Re: lambda construction

Kenneth Manheimer (klm@nist.gov)
Wed, 22 Jun 1994 19:44:11 GMT

Ah! Now (i think) i understand!

> > > > def wrap (ofunc):
> > > > return lambda *args: (process_args(args), apply (ofunc, args))[1]
>
> > > [guido]
> > > Actually, ofunc is *never* bound inside that lambda! If you were to
> > > call it inside wrap it would also fail. Python is not Lisp!
>
> > [ken]
> > I suspect i'm being dense.
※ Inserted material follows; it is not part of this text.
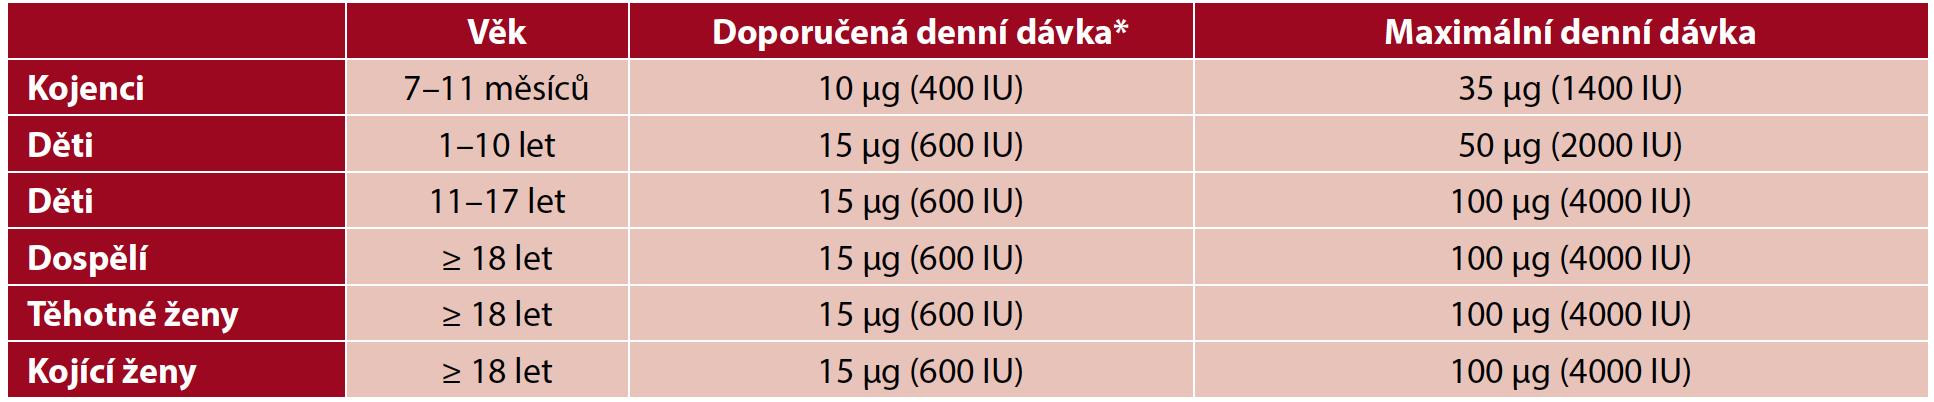 Doporučené denní dávky vitaminu D dle EFSA (13)

Where am i going astray?
>
> [tim]
> The simplicity of Python's scoping trips up everyone at first glance, but
> you already wrote up the answer in your fact sheet <wink>: the search
> order is [local, global, builtin], and everything follows from that, +
> that "lambda" is syntactic sugar for a one-line def.
>
> [...]
>
> ofunc is not in "temp"'s local ns ("args" is the _only_ name in temp's
> local ns), so it's not in the lambda's local ns, so "ofunc is *never*
> bound inside that lambda!" is correct (assuming "ofunc" isn't in the
> global or builtin namespaces).

I was confused in thinking that the global name space for the lambda
(or your temp function) was the local name space of the wrap function.
You're right, i had even written (and read, and supposedly understood)
that name spaces are not nested. Hopefully, after wading through this
confusion, i've got it now.

Yeah, right.-)

Ken
ken.manheimer@nist.gov, 301 975-3539